On the one hand that makes sense: the cold cache run issues 8103 read IOs according to virtual file stats and @@io_busy says 125 milliseconds of CPU time just to issue those IO commands.
But it still finished faster!
As far as I can tell, the secret is in the wait stats - cxpacket in particular. Below are the cold cache wait stats again.
And below are the warm cache wait stats again. The warm cache checktable - which I would have expected to finish faster - somehow incurred almost 3 times as much cxpacket wait time as the cold cache checktable - and over 3 times as much signal wait time for the cxpacket wait type.

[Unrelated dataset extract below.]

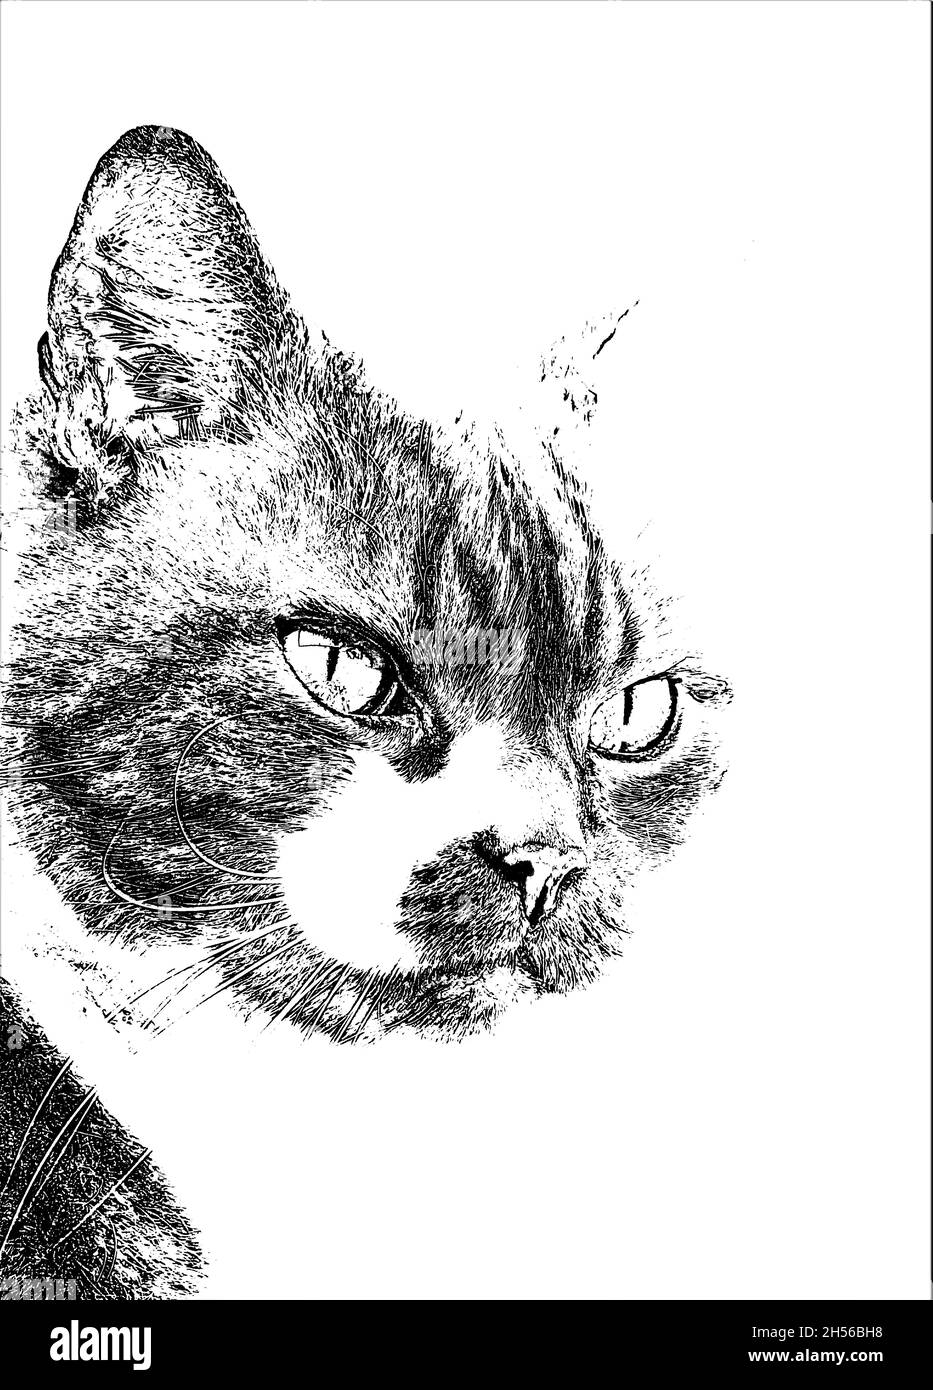 Portrait d'Arnie le chat monochrome Banque D'Images
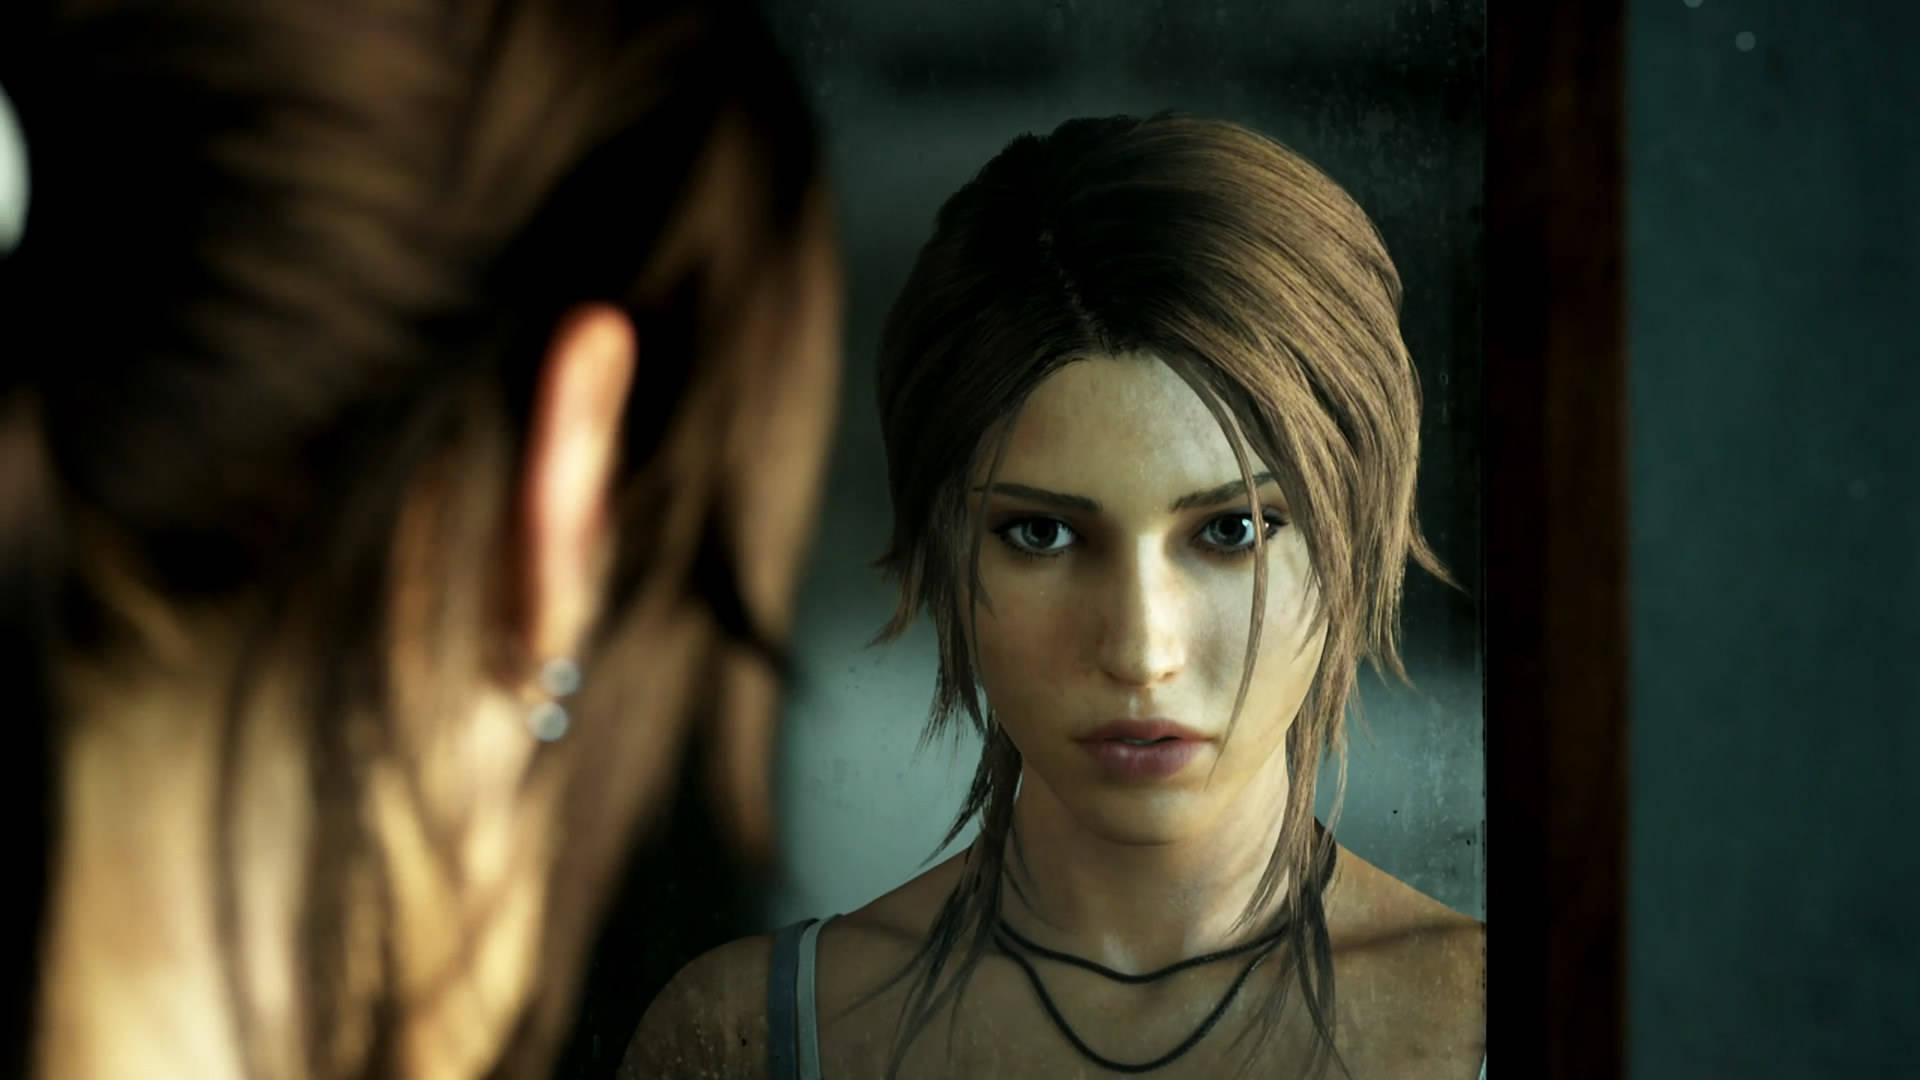 Tombraider 9 - Lara Croft Schaut In Den Spiegel. Wallpaper

The warm cache checktable had less work to do than the cold cache checktable. And, indeed, it did less work from an accumulated CPU time standpoint. But somehow, it didn't divvy up its work as well among the parallel workers. Due to a significant increase in cxpacket wait time and cxpacket signal wait time over the cold cache operation, it finished in almost twice the time!
This is one reason its extremely important to look not just at work, and not just at work + waits... not even at work + waits + management. Appropriate scheduling and distribution of work among resources is also important to keep everyone happy when they want extreme performance.